When a customer orders from an old menu that the kitchen can’t fill, that’s when restaurateurs, delivery drivers and customers start the finger pointing at each other over the unfilled deliveries, several owners said.
Matt Storm, owner of the pizzeria The Masonry in Uptown and in Fremont, said his Neapolitan-style pie doesn’t hold up well sitting in a pizza box for 30 minutes, so he doesn’t offer delivery and discourages customers from ordering pizza for takeout. Yet, delivery services continue to advertise his pizza on their platforms, he said.
He recalled one courier who demanded he make a duck egg pizza since a customer had already paid for it with a credit card after seeing that outdated menu item on the delivery app.
“There is literally no duck egg here. I can’t magically pull one out of my [expletive],” Storm recalled telling the angry delivery driver.
Sundberg, the owner of two critically acclaimed restaurants, Manolin and Rupee Bar in Ballard, said for a year he used his own employees to do food deliveries to keep his staff employed during the pandemic. He didn’t realize he had a competitor: Grubhub and other delivery services, which posted old menus from his two restaurants without his consent.
“We had one customer [who] ordered six items, five of which are things we haven’t had for about a year,” said Sundberg. “I have reached out to these companies in the past to get our names and logos and menus off the sites because there were three to four of these [to-go orders] a week. … We can’t fill these orders.”
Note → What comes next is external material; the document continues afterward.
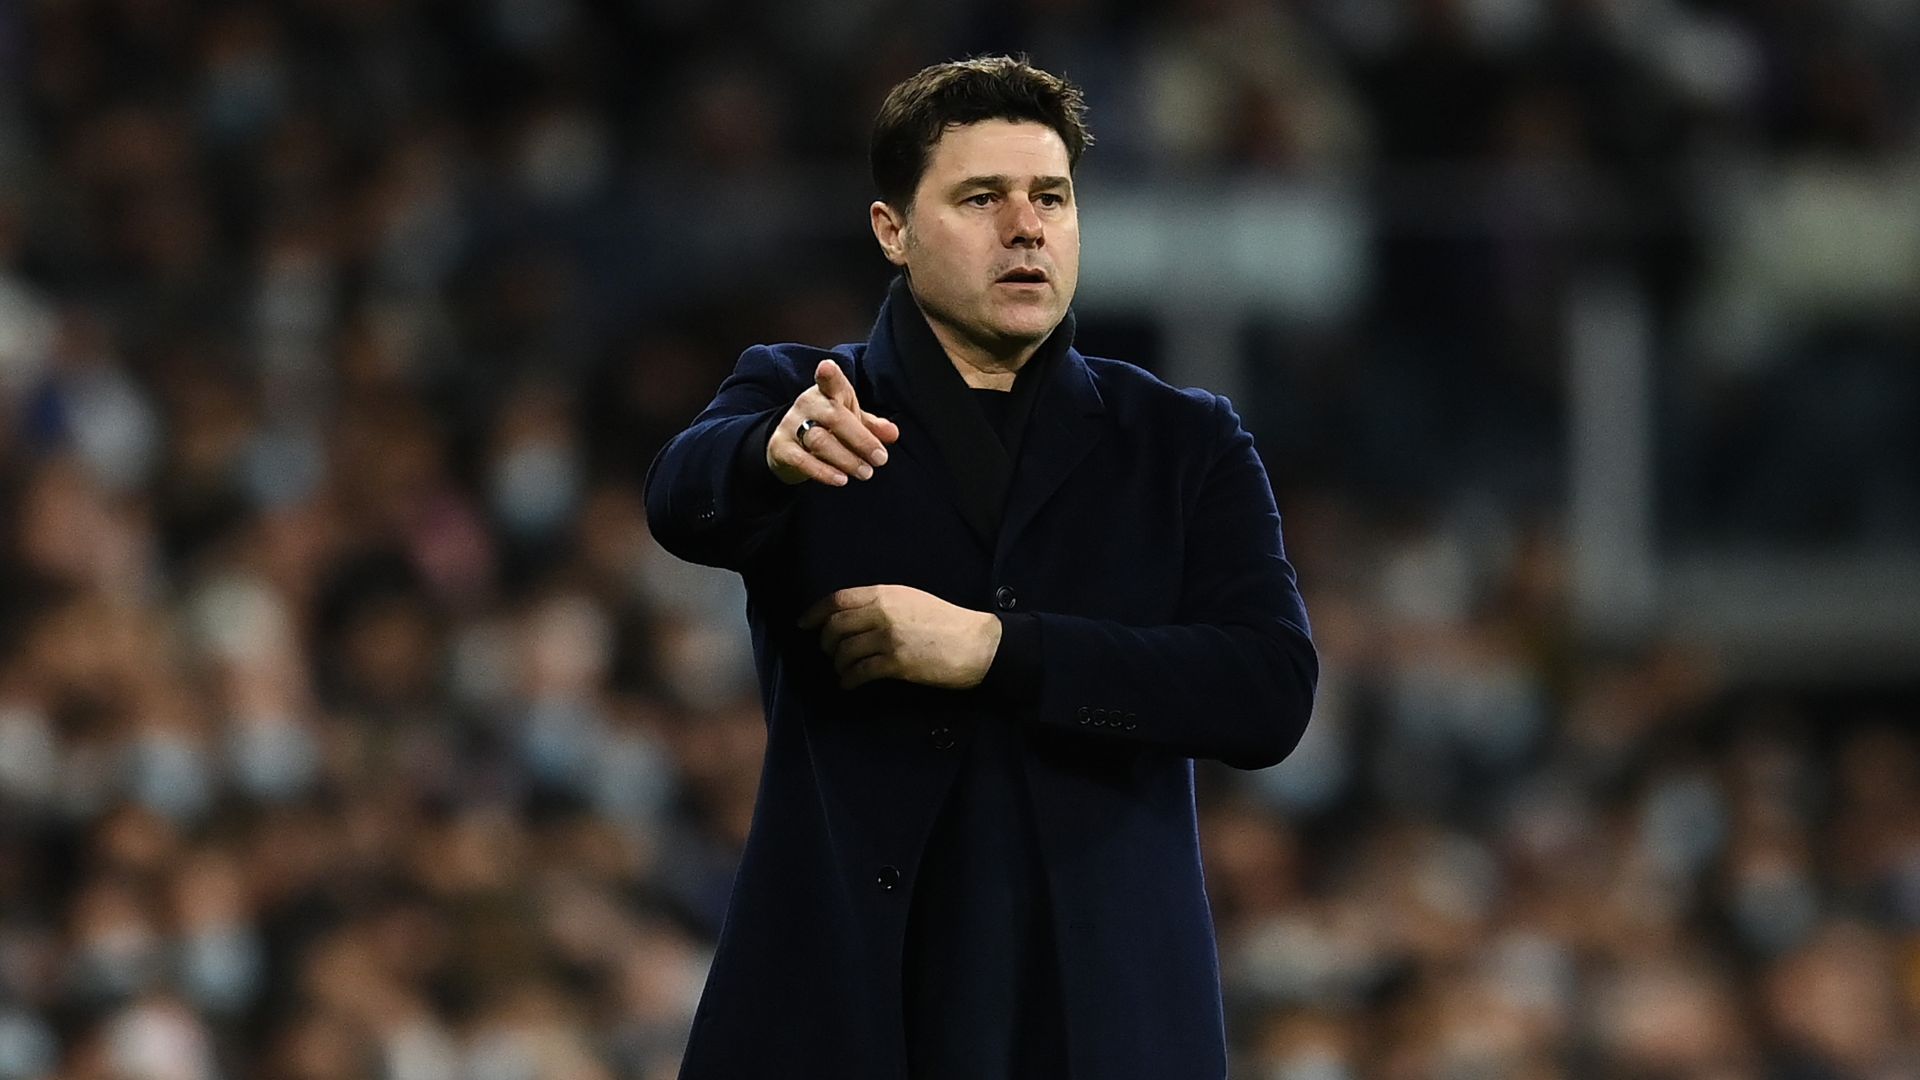 Pochettino is Chelsea's top target for managerial role

Every time he contacted the delivery services to take his businesses off their sites, his menus would be “back up in six or eight months,” he said.
Other restaurants that signed an agreement with delivery services say it’s difficult to end the partnership. Uttam Mukherjee, co-owner of the popular street Indian food counter Spice Waala on Capitol Hill and in Ballard, originally signed with Grubhub to handle its delivery. But in February, when drivers repeatedly showed up 90 minutes late to deliver fries and wraps that had turned cold and mushy, Mukherjee demanded Grubhub stop delivering his food because it was hurting his restaurant’s reputation.
“I called them twice to take us down [and said] ‘You do not have permission to use our menus without our knowledge,’ “ he recalled. “They would say, ‘sorry, we didn’t know.’ And a couple of weeks later we would get another order from Grubhub.”